Michèle fragte Noah, was Noah da liest. Die beiden redeten kurz, dann ging Noah wieder. Keine Namen, keine Nummern. Heute nennen sie das Gay Panic, was ehrlich gesagt ein ziemlich beschissenes System ist, wenn man jemanden wiedersehen will.

Michèle suchte Noah anschließend auf Instagram und fand nichts. Ein paar Tage später folgte Noah ihr und likte einige Bilder. Michèle schrieb sofort. Dieser Teil des Plans funktionierte besser.

Ich kannte Michèle bereits. Wir trafen uns 2017 bei einem Workshop, den ich auf den Azoren gab. Acht Jahre später fragte sie mich, ob ich sie und Noah in Berlin fotografieren würde. Beide fotografieren selbst. Ich musste also niemandem vormachen, eine Kamera wäre neutral. Sobald sie im Raum ist, verändert sie etwas. Interessant wird es bei dem, was Menschen dir trotzdem zeigen.

Ich kam immer wieder auf etwas zurück, das eigentlich verdammt offensichtlich sein sollte: Menschen lieben Menschen.
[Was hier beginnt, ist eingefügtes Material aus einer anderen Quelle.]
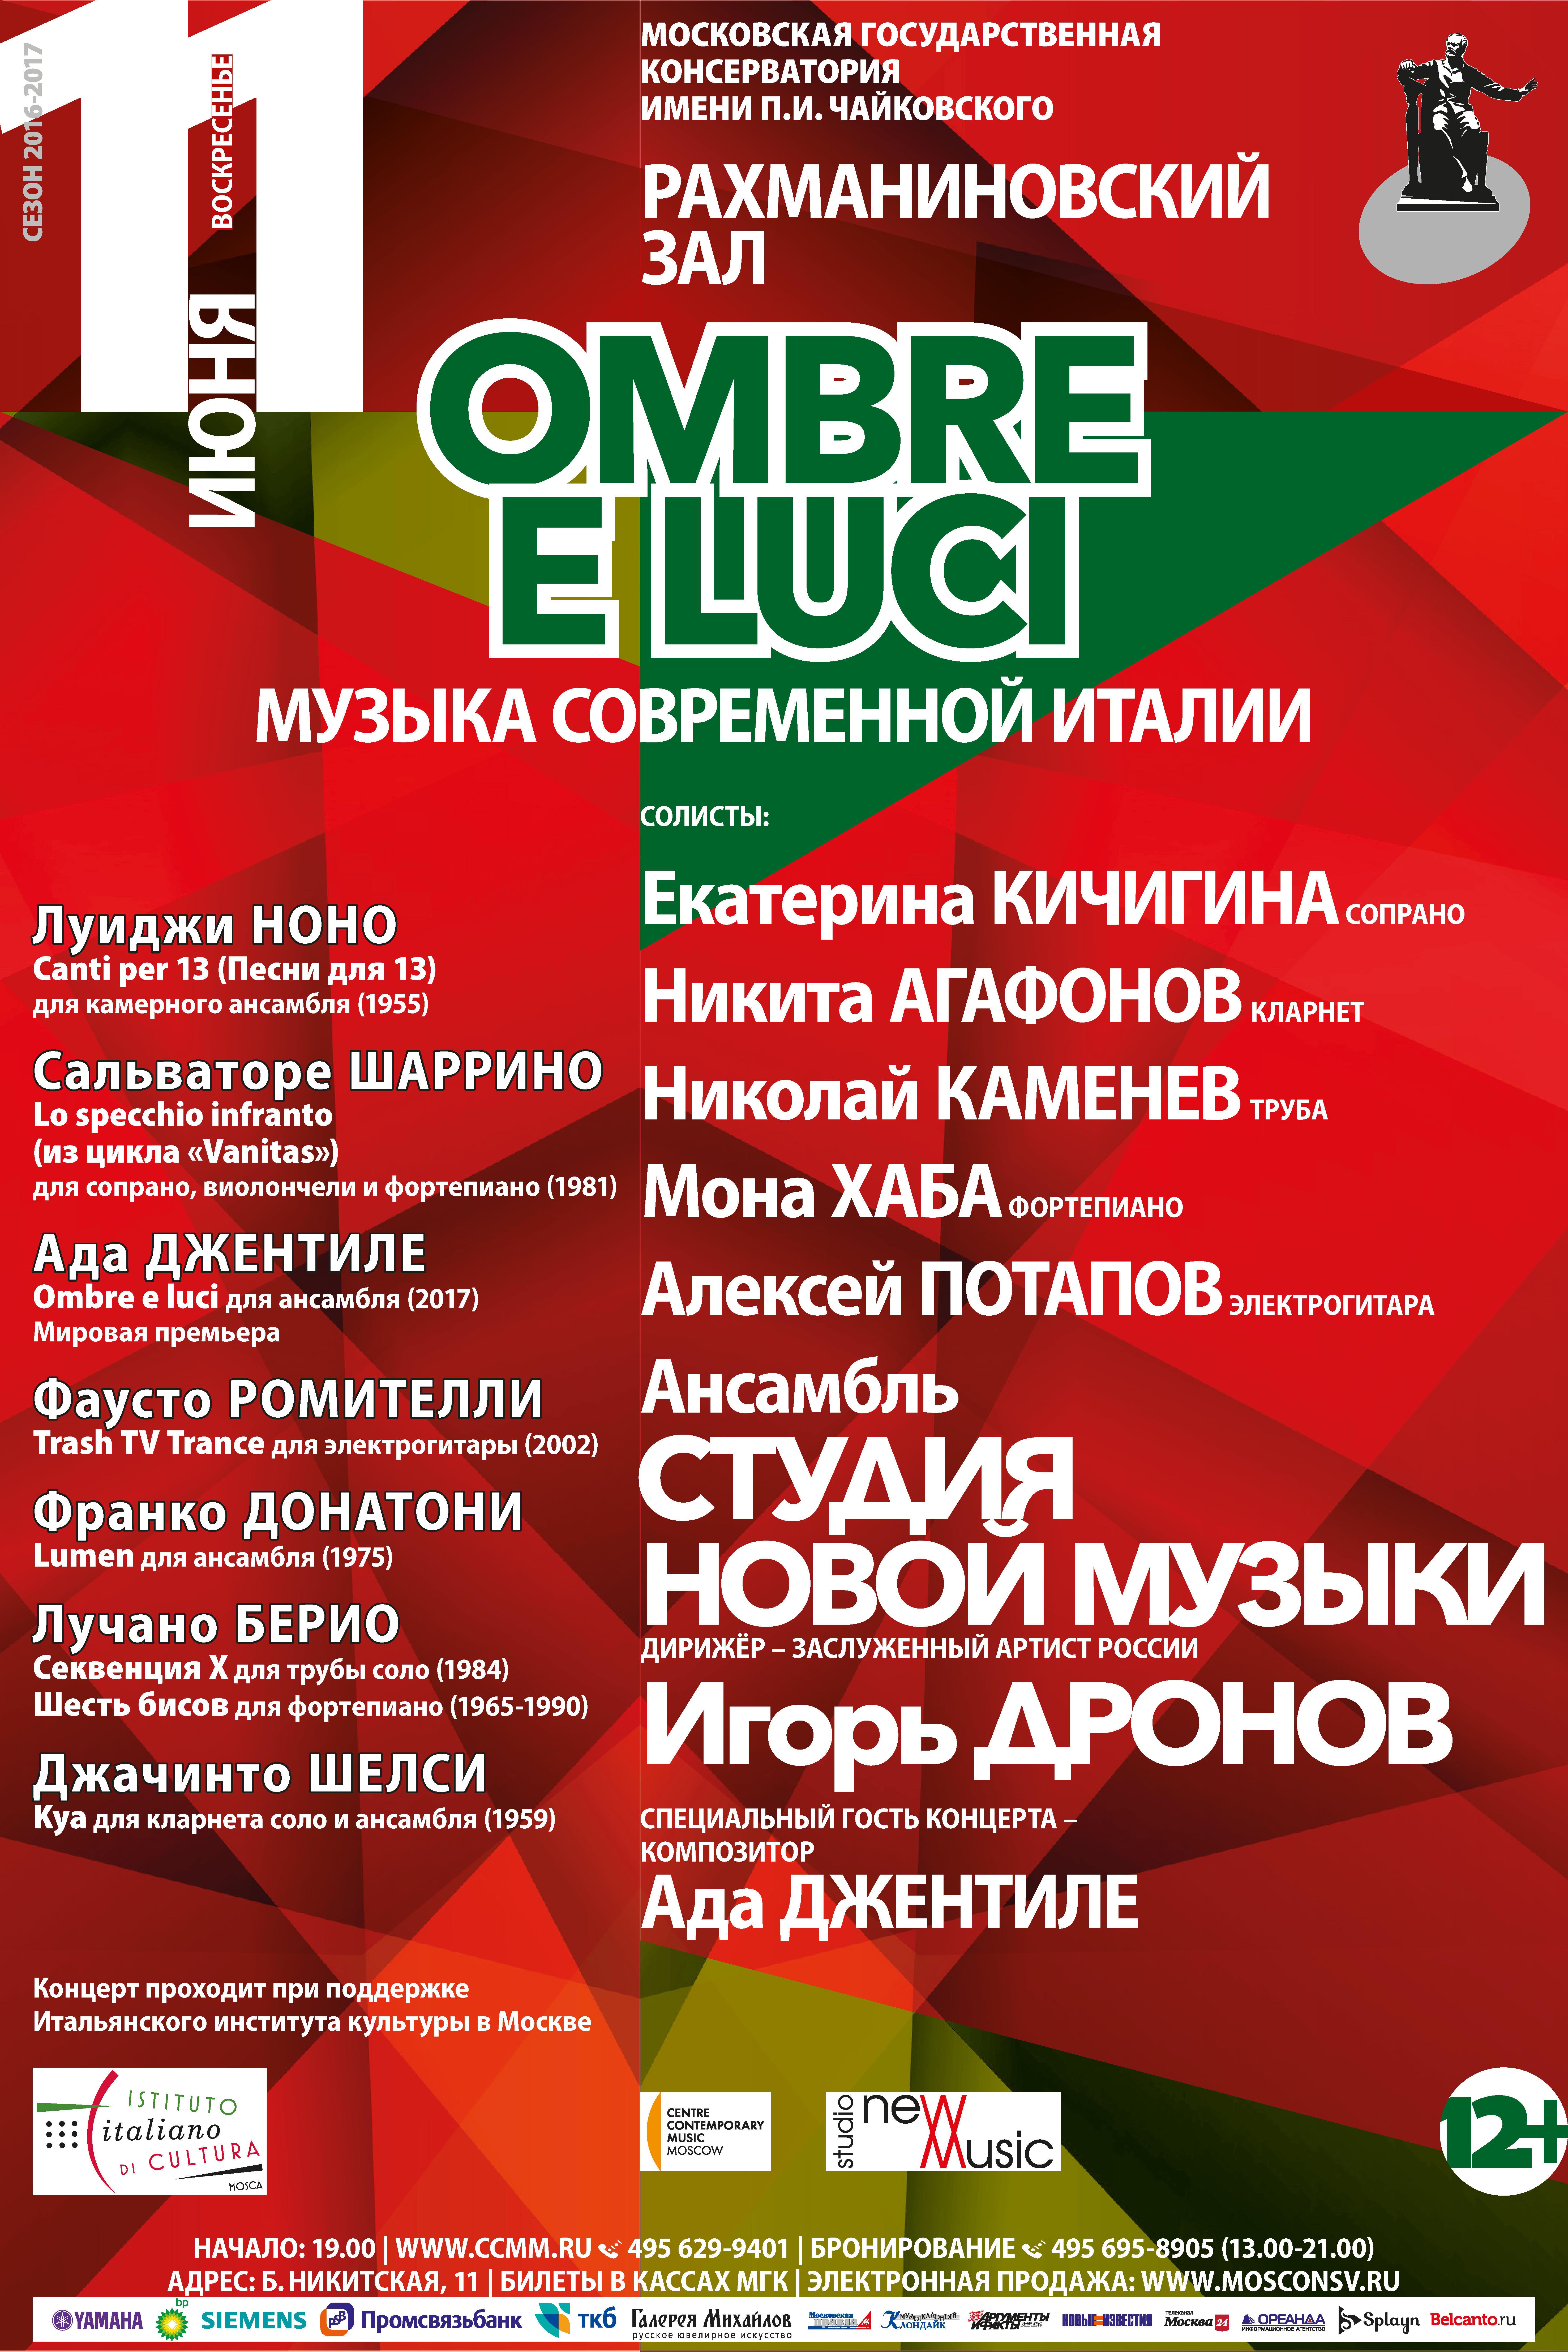 Annuncio conc. MOSCA
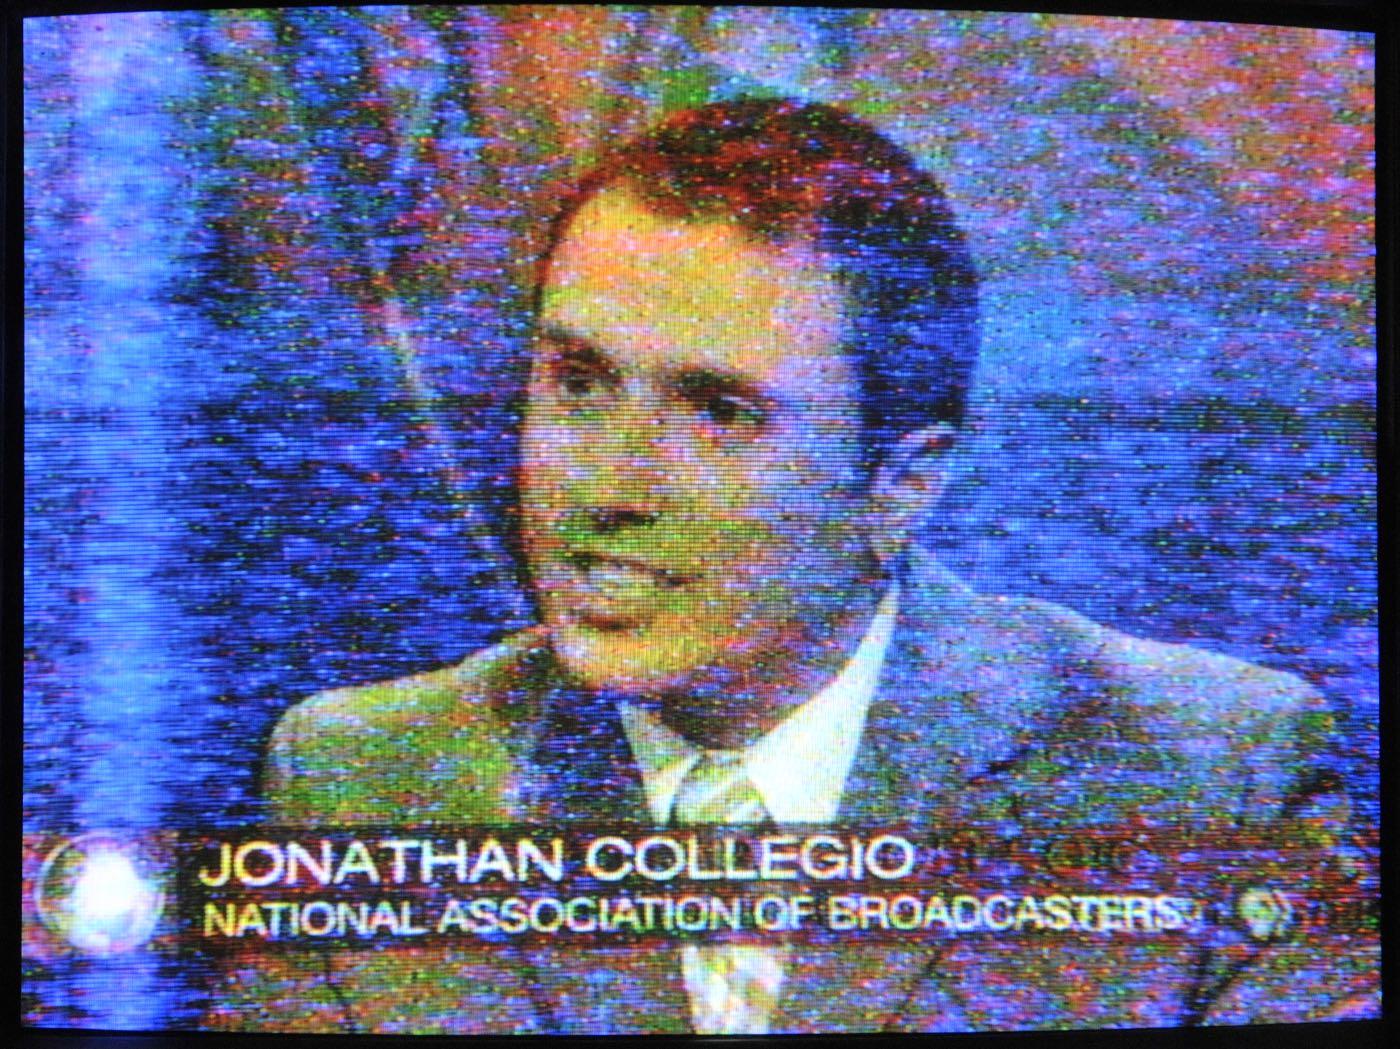 Off-air shot of PBS News Hour, June 12 2009

Michèle liebt keine vereinfachte Version von Noah, zurechtgeschnitten auf das, womit die Welt besser klarkommt. Sie liebt Noah. Geschlechtliche Identität zählt, weil sie dazu gehört, wie ein Mensch lebt, sich bewegt und gesehen wird. Sie ist nicht die äußere Grenze dessen, was ein anderer Mensch lieben kann.

Vielleicht wusste ich das vorher schon. Nachdem ich die beiden zusammen erlebt hatte, verstand ich es anders.

Dann schaffte ich es am Kanal, mir ein Stück vom Zahn abzubrechen. Kurz danach versenkte ich mein iPhone im Wasser. Derselbe Abschnitt des Abends. Keine Ahnung, wie ich beides hinbekommen habe.

Noah und Michèle hatten Pizza. Ich hatte ein Zahnproblem und kein Telefon.

Ehrlich gesagt war das wahrscheinlich genug Bedeutung für einen Tag.

Noah und Michèles Lovers Session führte durch Orte, die längst zu ihrem jährlichen Berlin-Ritual gehören: die Industriehalle von Mahalla, ein privates Zimmer, Bücherregale, die Straßen rund um die PAIN-Wand und Pizza am Landwehrkanal. Die Bilder wechseln zwischen dokumentarischer Aufmerksamkeit und bewusst gebauten Porträts. Hartes Licht, Distanz und körperliche Nähe dürfen nebeneinander bestehen, ohne so zu tun, als wäre die Kamera nie da gewesen. Diese Geschichte zeigt, was bei cinematischer Paarfotografie in Berlin entstehen kann, wenn genug Zeit bleibt, um über die offensichtlichen Bilder hinauszugehen.